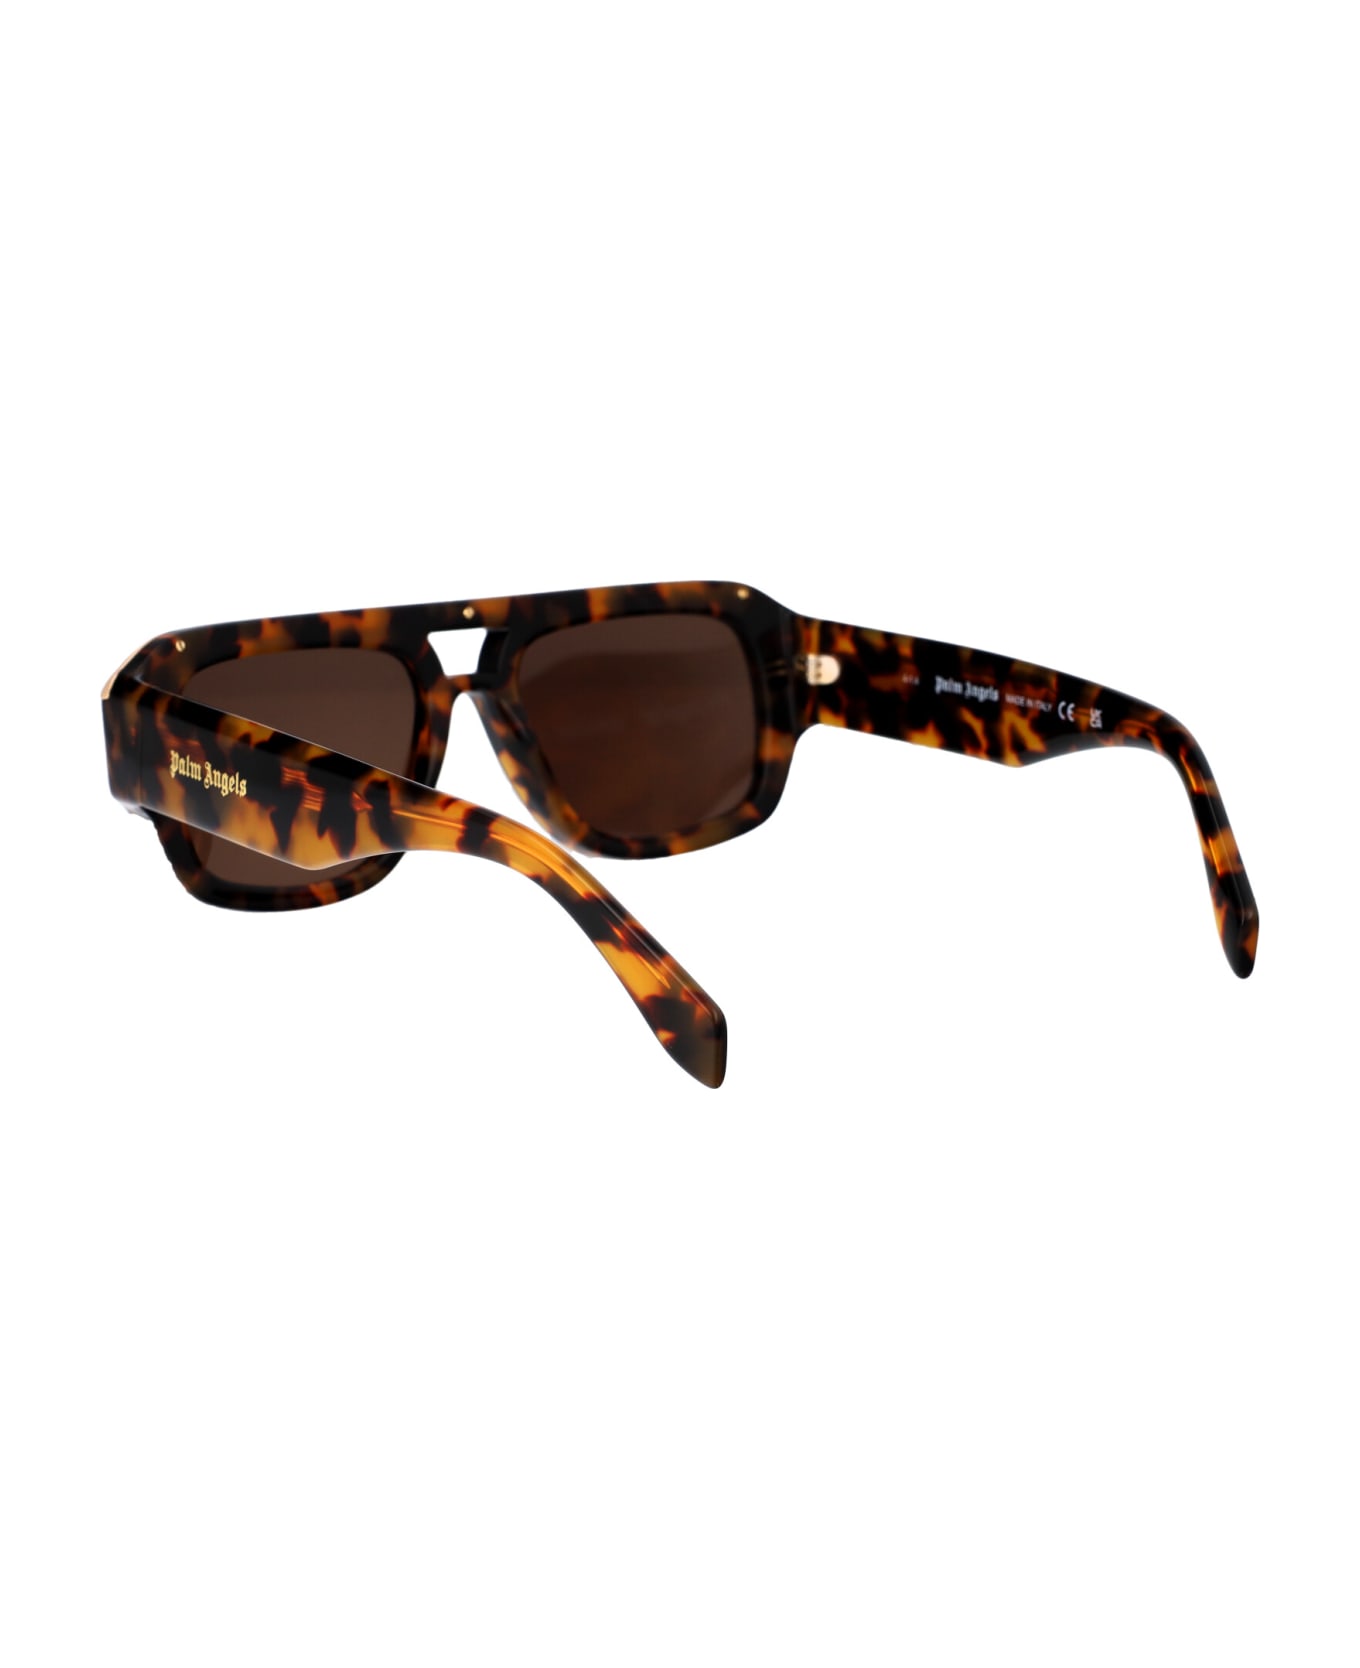 Palm Angels Stockton Sunglasses - 6064 HAVANA
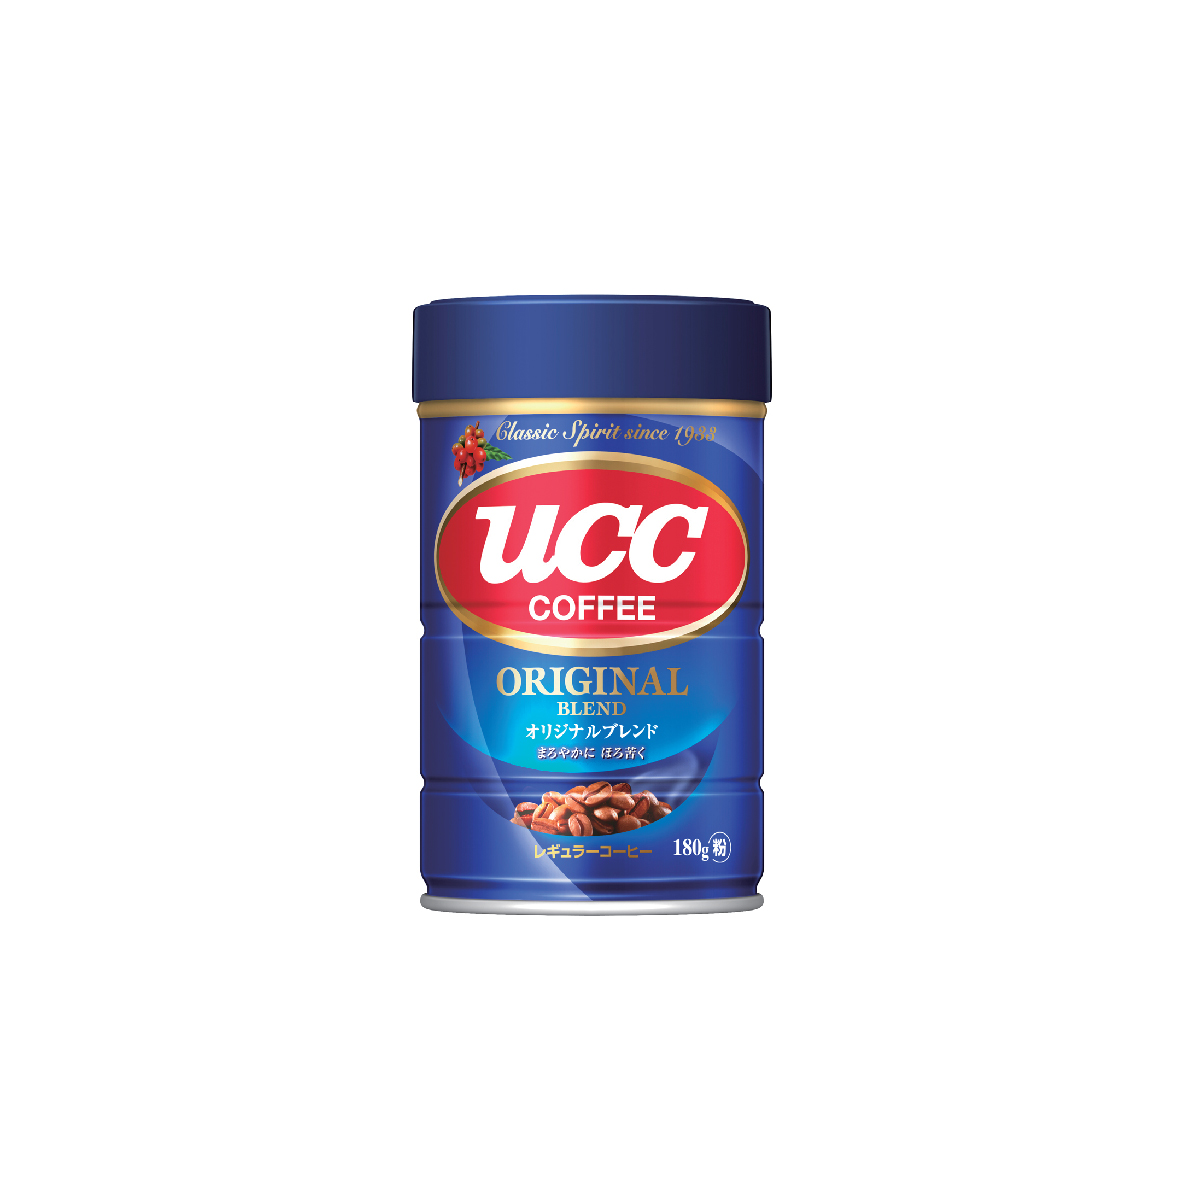 UCC Coffee Original Blend Roasted Coffee
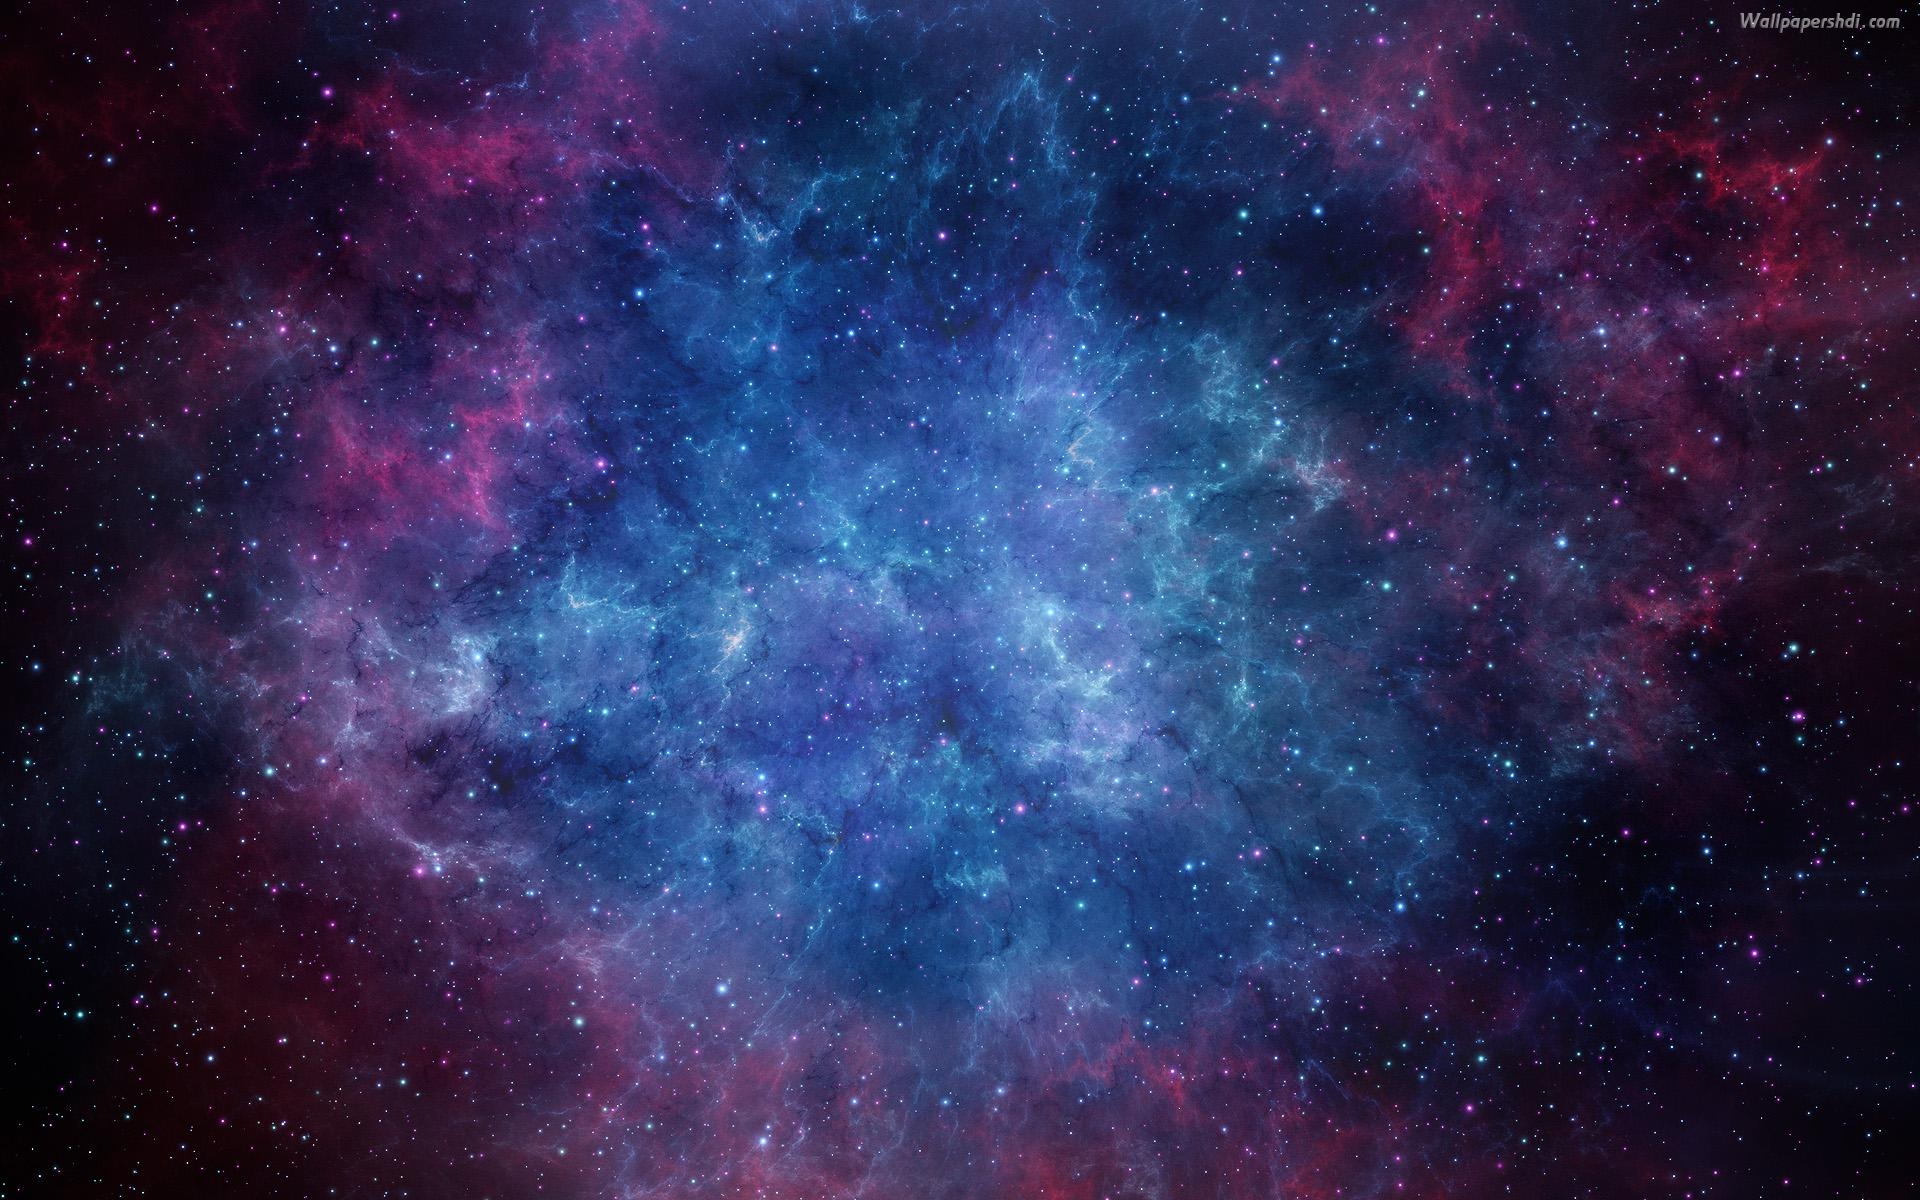 Nebula wallpaper widescreen 0 - HD Widescreen Backgrounds
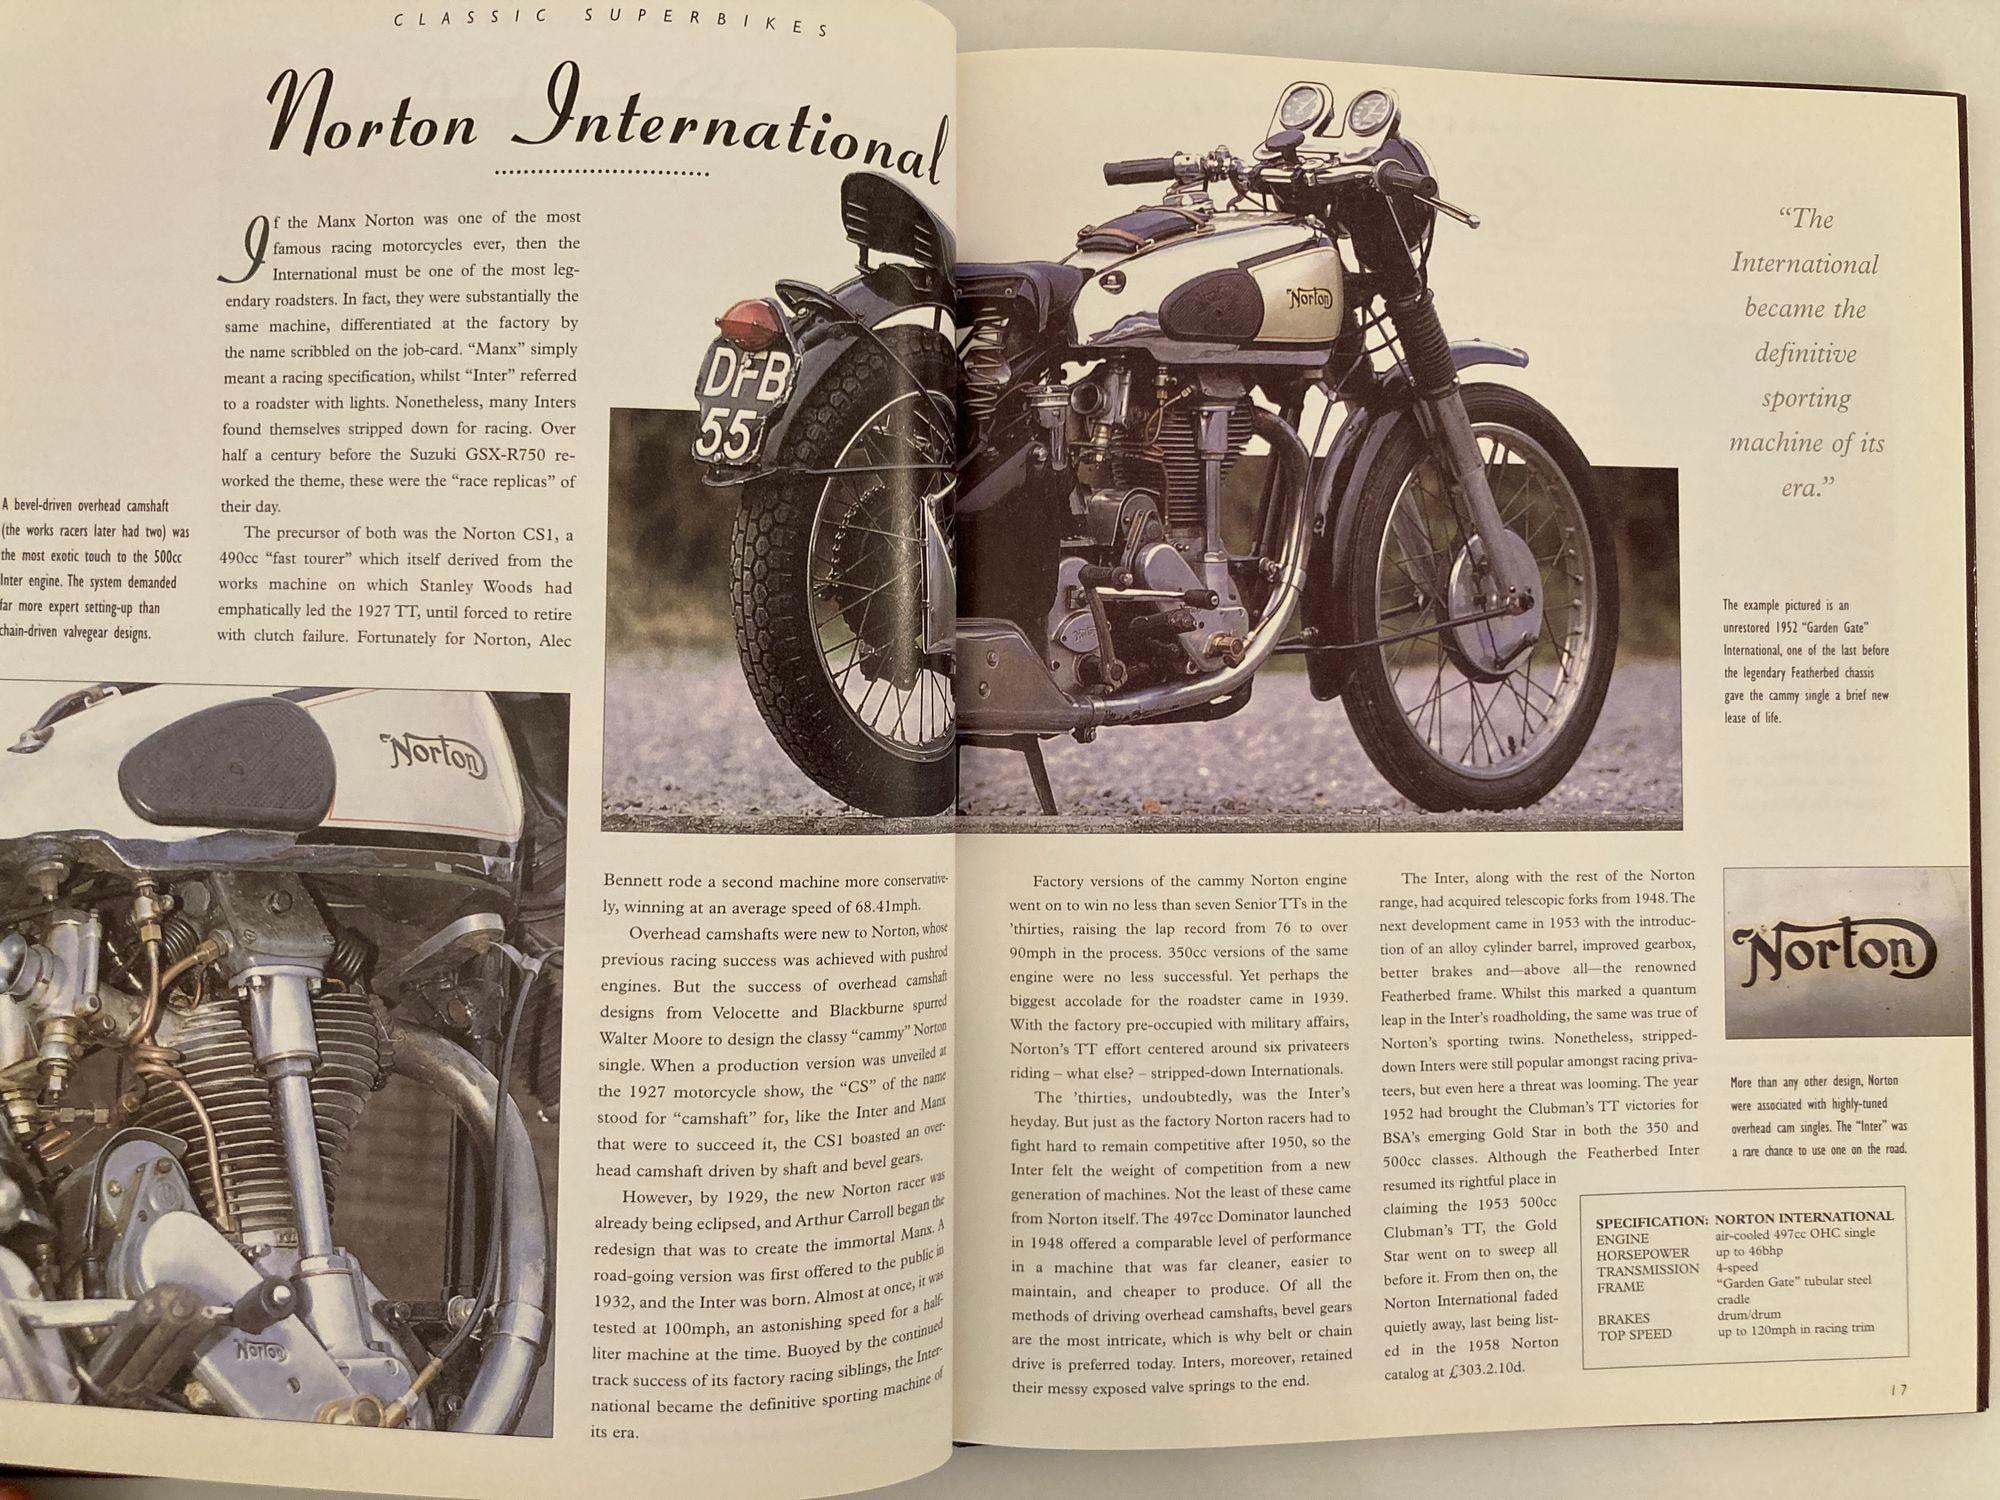 Livre « Classic Superbikes from Around the World », couverture rigide, 2003 en vente 2

→ WHAT IS NEEDED: Begin with the line that contains "Nebula wallpaper widescreen" and repeat every line through the end of the data, exactly and only those lines, leaving out the pictures.

→ WRITTEN ANSWER:
 Nebula wallpaper widescreen 0 - HD Widescreen Backgrounds
 Livre « Classic Superbikes from Around the World », couverture rigide, 2003 en vente 2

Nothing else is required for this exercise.